--- /dev/null
+From 44117a1d1732c513875d5a163f10d9adbe866c08 Mon Sep 17 00:00:00 2001
+From: Sebastian Andrzej Siewior <bigeasy@linutronix.de>
+Date: Thu, 11 Jan 2018 18:57:26 +0100
+Subject: serial: core: mark port as initialized after successful IRQ change
+
+From: Sebastian Andrzej Siewior <bigeasy@linutronix.de>
+
+commit 44117a1d1732c513875d5a163f10d9adbe866c08 upstream.
+
+setserial changes the IRQ via uart_set_info().

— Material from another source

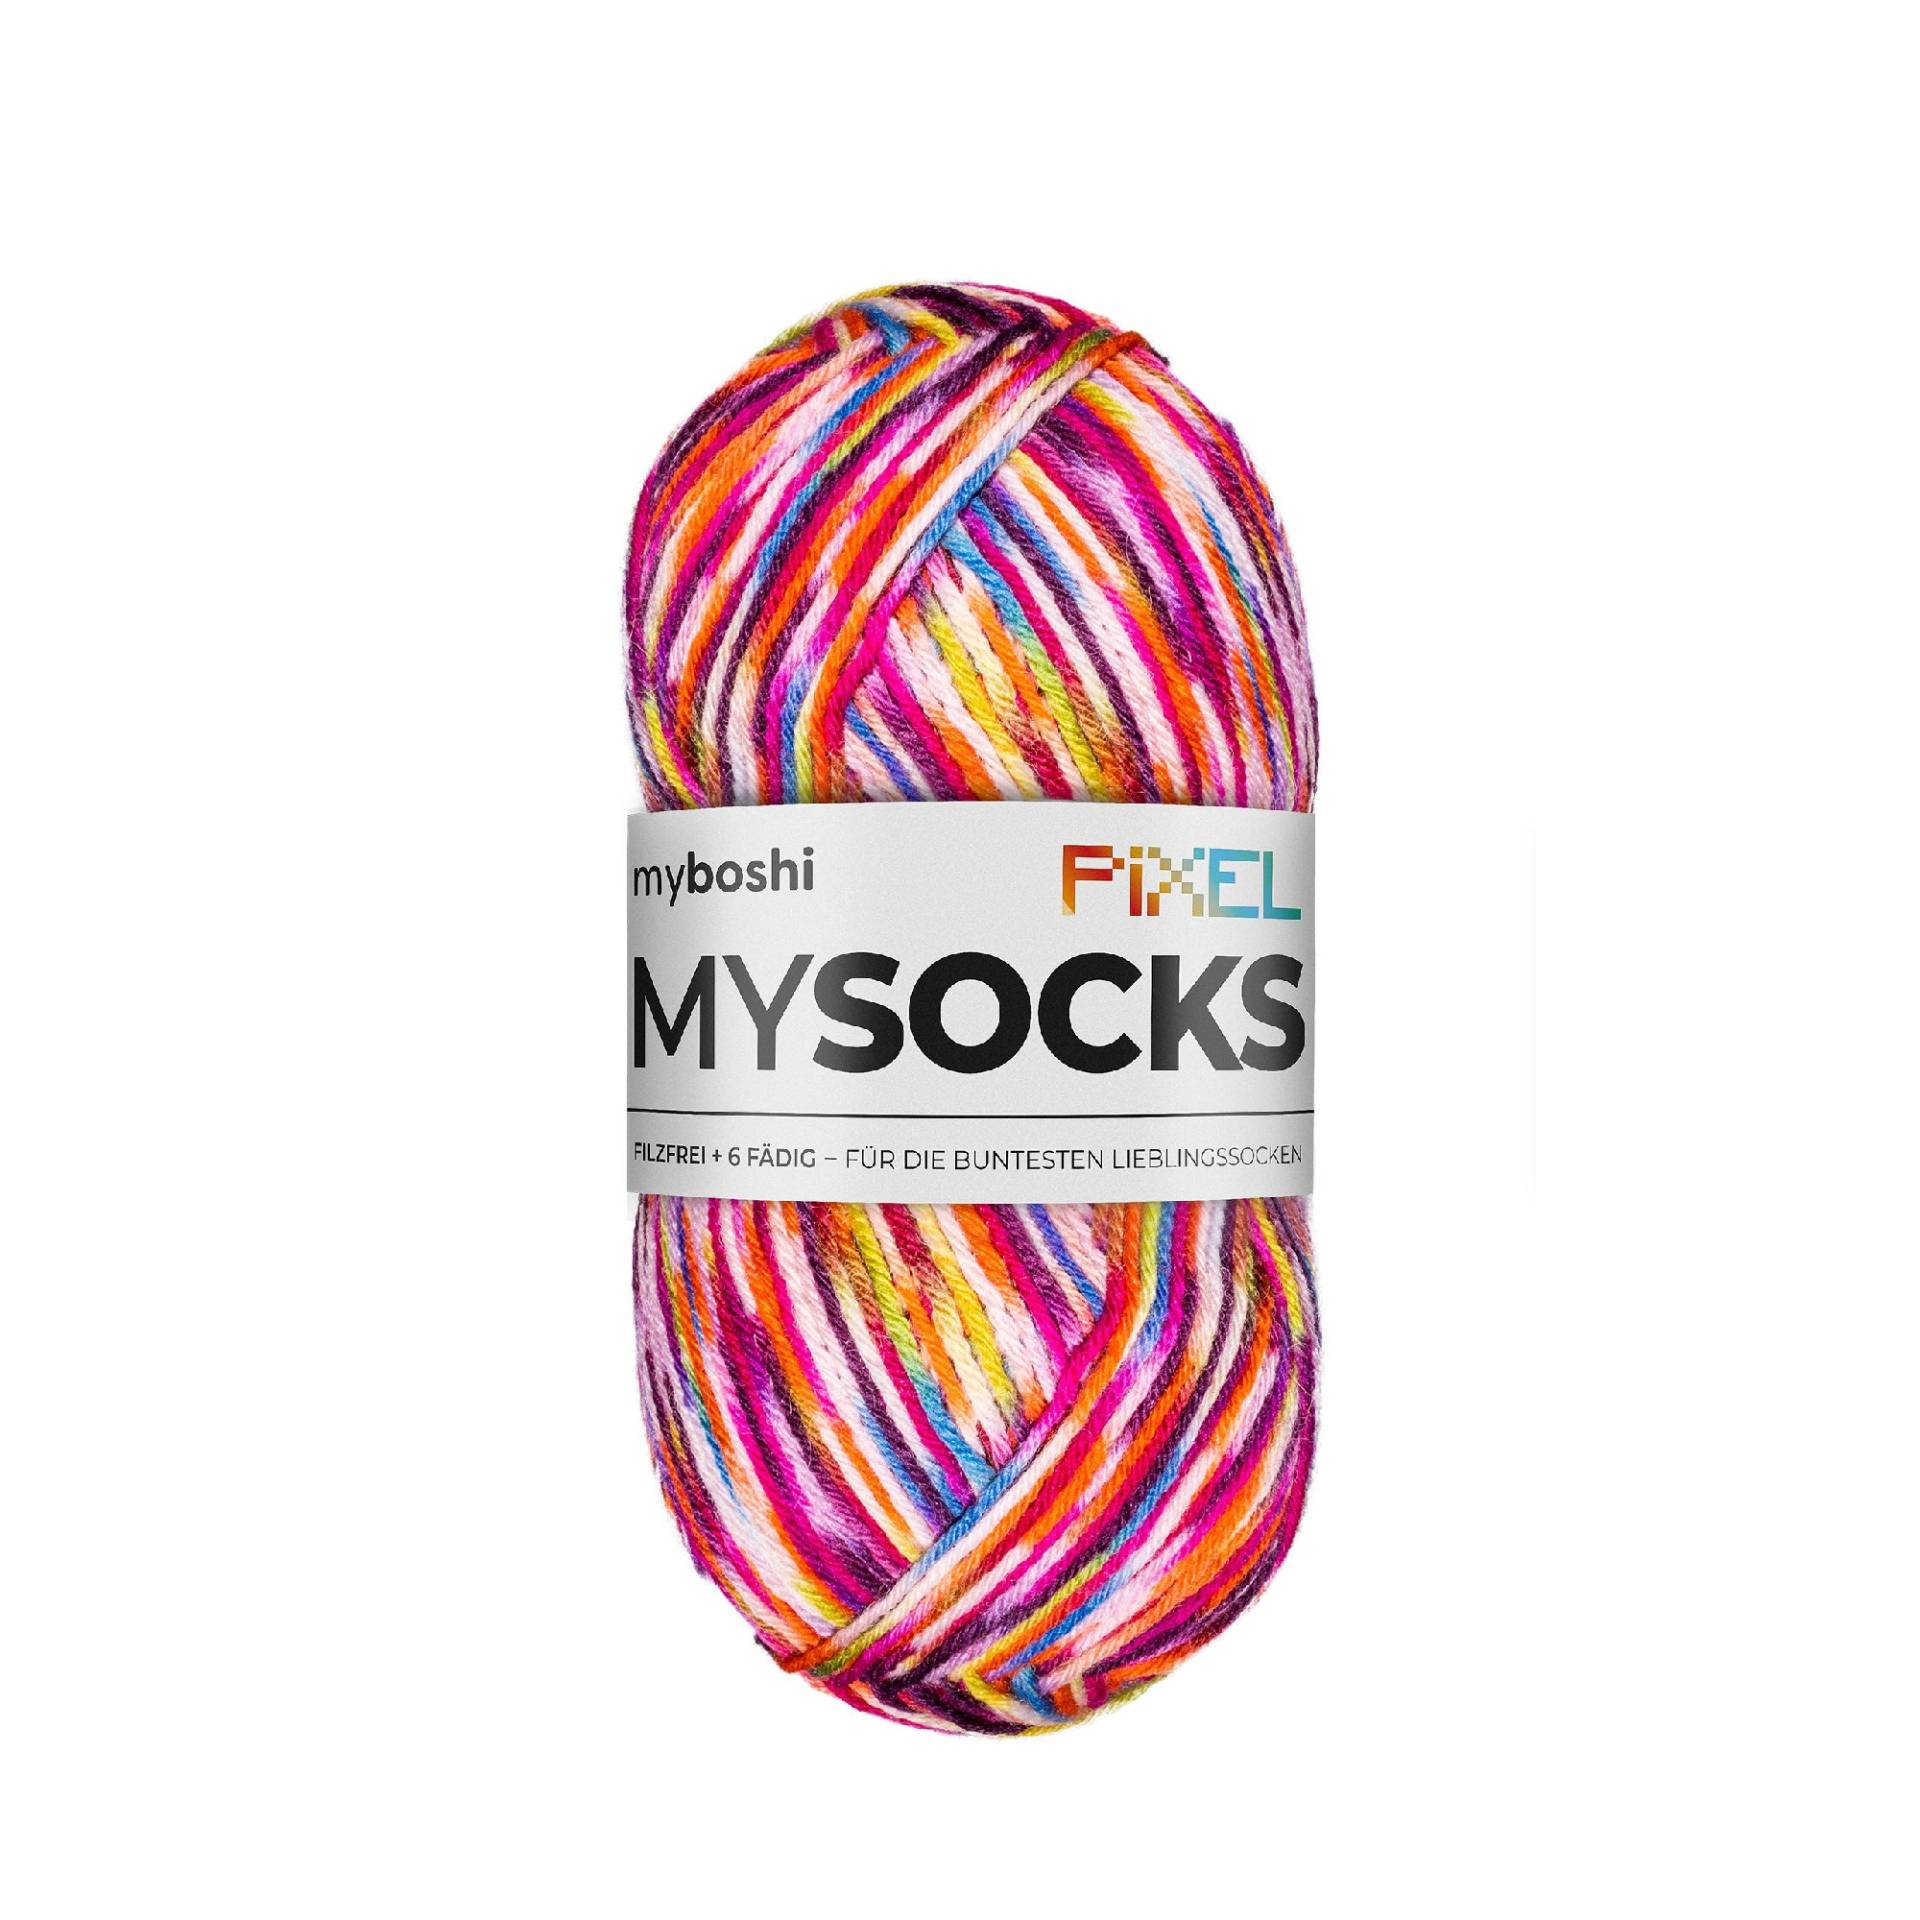 myboshi mysocks Pixel 6-fädige Sockenwolle Nova 150g, violett-orange von Stoffe Hemmers

It invokes
+uart_shutdown() which free the current used IRQ and clear
+TTY_PORT_INITIALIZED. It will then update the IRQ number and invoke
+uart_startup() before returning to the caller leaving
+TTY_PORT_INITIALIZED cleared.
+
+The next open will crash with
+| list_add double add: new=ffffffff839fcc98, prev=ffffffff839fcc98, next=ffffffff839fcc98.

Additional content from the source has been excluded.